E Schiller faz amarrações muito pertinentes nesse sentido. Ele argumenta que as famílias têm diferentes graus de transgressões morais, comportamentos que ultrapassam o limite da ética, em maior ou menor grau. Essas transgressões também existem nos governos de qualquer natureza, mesmo que veladas. Mas nas tiranias, elas são escancaradas e funcionam como uma autorização, um salvo-conduto para as pessoas trazerem para a esfera pública, trangressões já vivenciadas, no ambiente privado.
"A Paixão Pela Mentira” desperta ainda mais interesse em um momento em que o número de líderes autoritários cresce, no mundo. E o que mais chama a atenção é o apoio popular expressivo a esses líderes.
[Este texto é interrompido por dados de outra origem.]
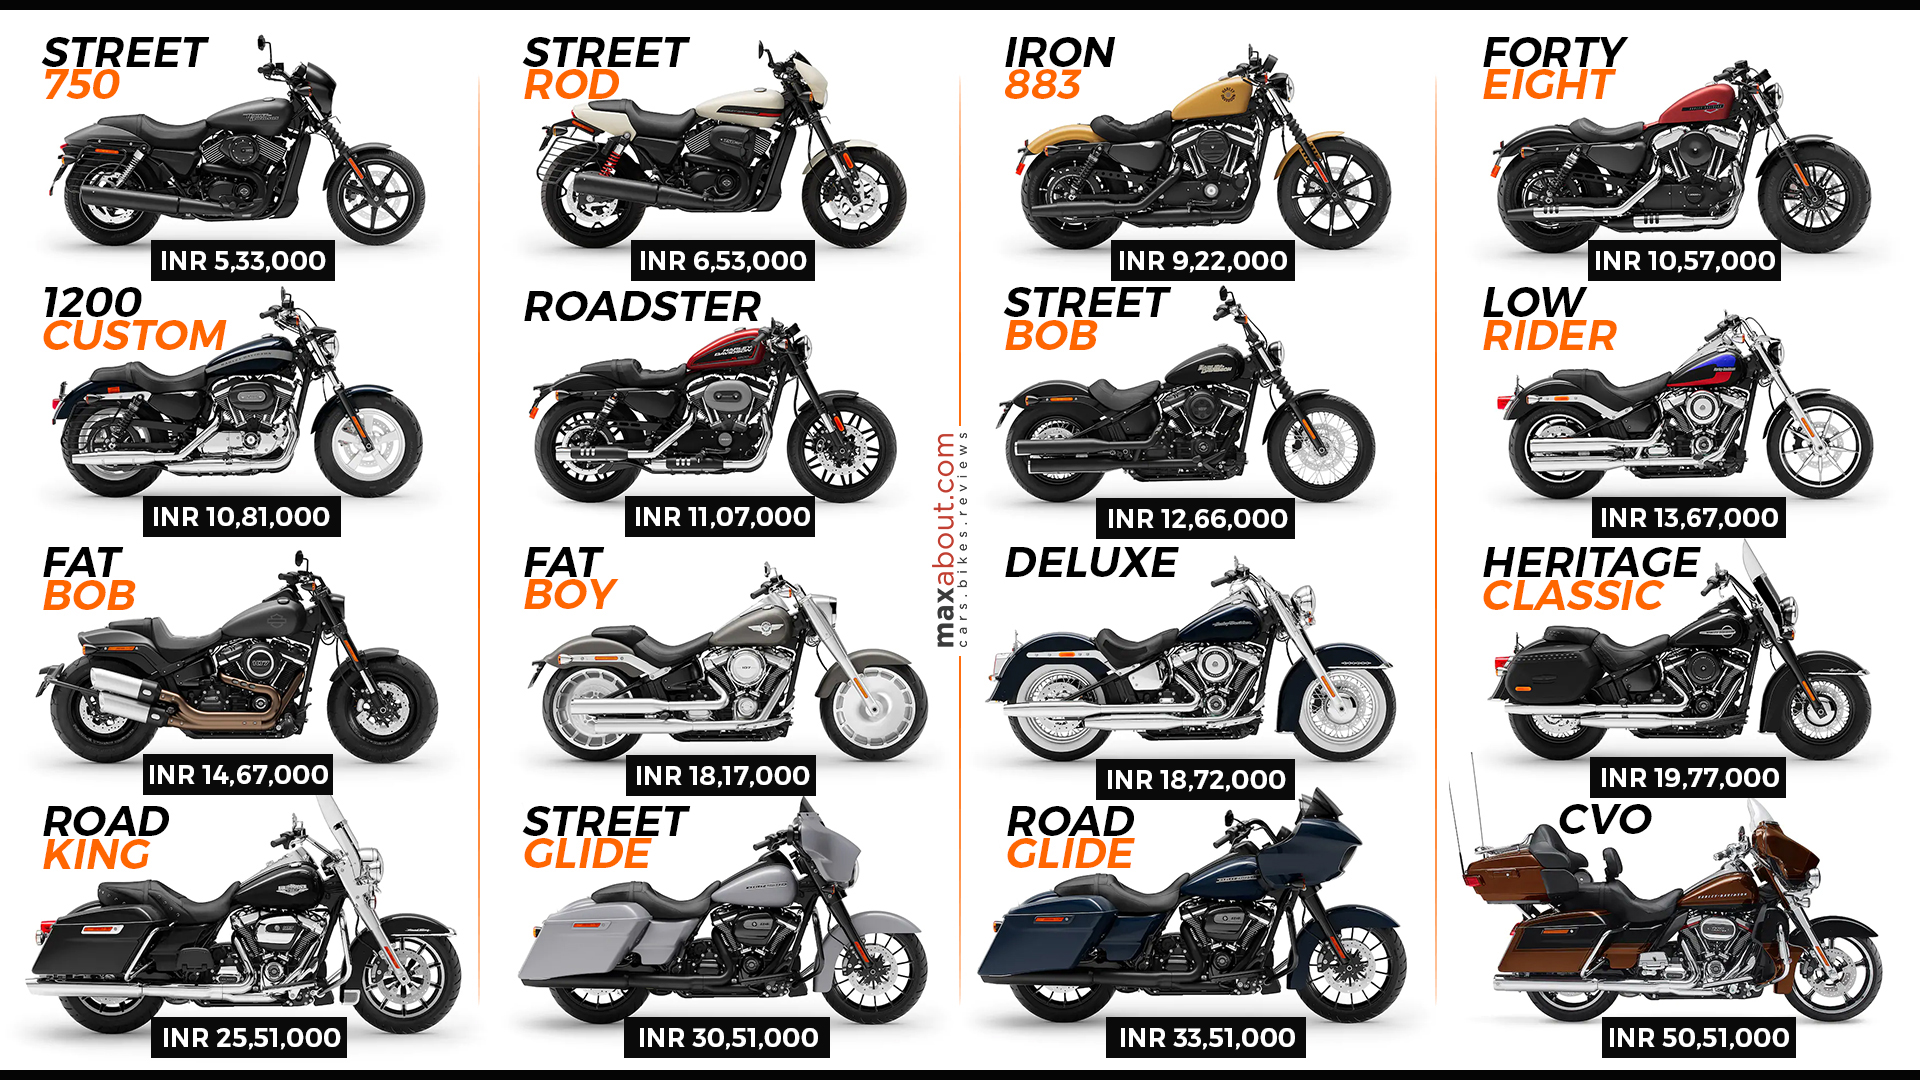 2019 Harley Davidson Motorcycles Price List In India

O estudo anual, que mede o Índice de Democracia em 167 países, da revista britânica The Economist, apontou que 39% da população mundial, ou dois em cada cinco habitantes do planeta, vivem sob regimes autoritários, em 60 países, atualmente. Um fenômeno sem precedente, desde os anos 30.
Em muitos desses países, há traços comuns entre os líderes autoritários: incitação à violência; estímulo ao sentimento de ódio pelo adversário e pelo diferente; o adversário político é transformado em um inimigo a ser eliminado; exaltação do machismo e o ódio ao feminismo e aos homossexuais; armamento da população, como saída para a falta de segurança; prática do extermínio; recurso à mentira de forma sistemática; negação da realidade, como o aquecimento global e a crise climática; pauta de costumes regressiva; perseguição ao pensamento crítico, à jornalistas, aos intelectuais; interferência no sistema de ensino, em escolas e universidades e prática de censura. A lista é extensa.
A crise financeira do capitalismo, iniciada em 2008, e suas consequências, como a depressão econômica, o desemprego e o aumento da criminalidade, são fatores que ajudam a explicar a ascensão de líderes que se apresentam como "salvadores da Pátria”.
Para Schiller, se buscamos a origem e a solução dos nossos males em algo que não nos concerne, se nos livramos da responsabilidade pelos nossos atos, tendemos a entregar nossa sorte a políticos, que dizem saber o que é bom para cada um de nós. Aí mora o risco de nos entregarmos cegamente e sem questionamentos. É quando acontece a paixão pela mentira e abrem-se as portas para ascensão do autoritarismo.